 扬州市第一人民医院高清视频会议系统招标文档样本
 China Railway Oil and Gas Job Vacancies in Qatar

...

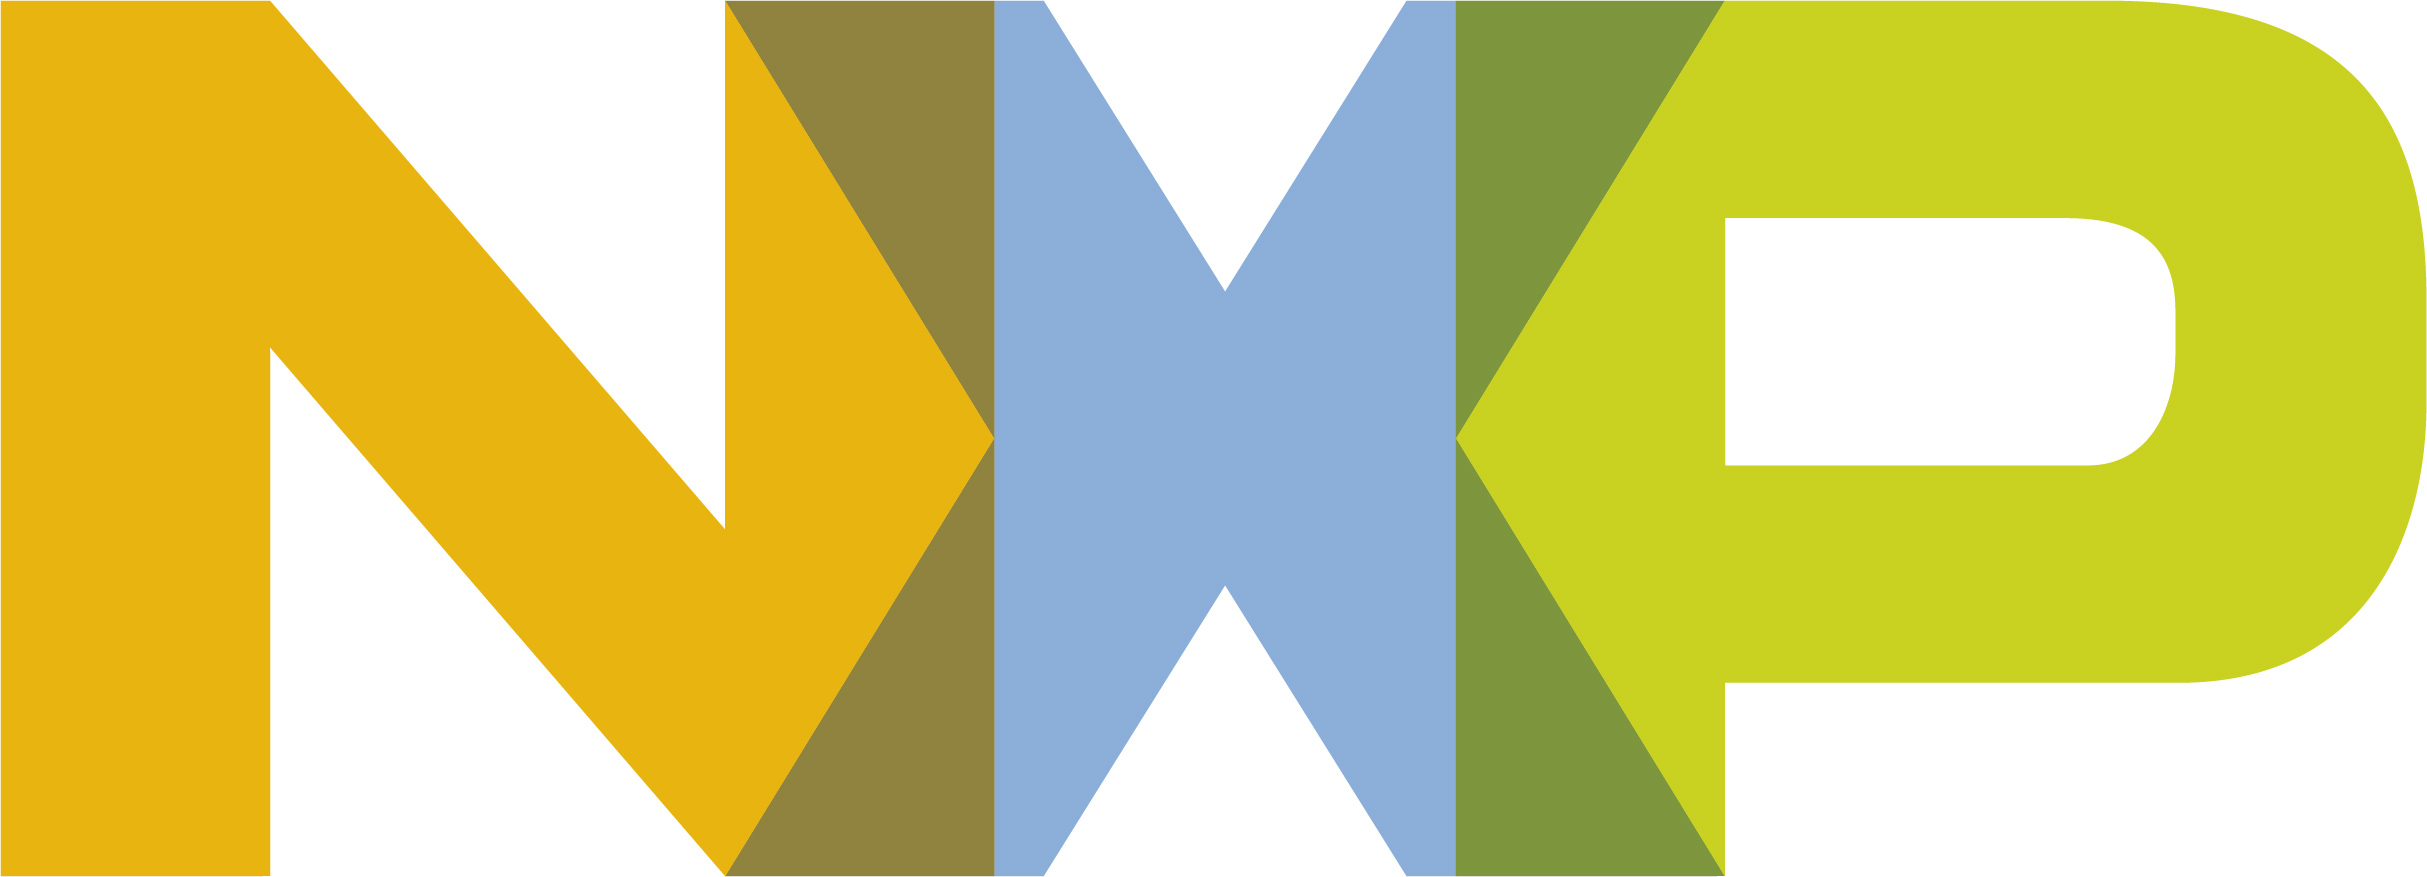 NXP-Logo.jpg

TRY IT:
Above are the entries. Output exactly the lines beginning with the line that has "扬州市第一人民医院高清视频会议系统招标文档样本" and ending with the line that has "China Railway Oil".

REPLY TO THE TASK:
 扬州市第一人民医院高清视频会议系统招标文档样本
 China Railway Oil and Gas Job Vacancies in Qatar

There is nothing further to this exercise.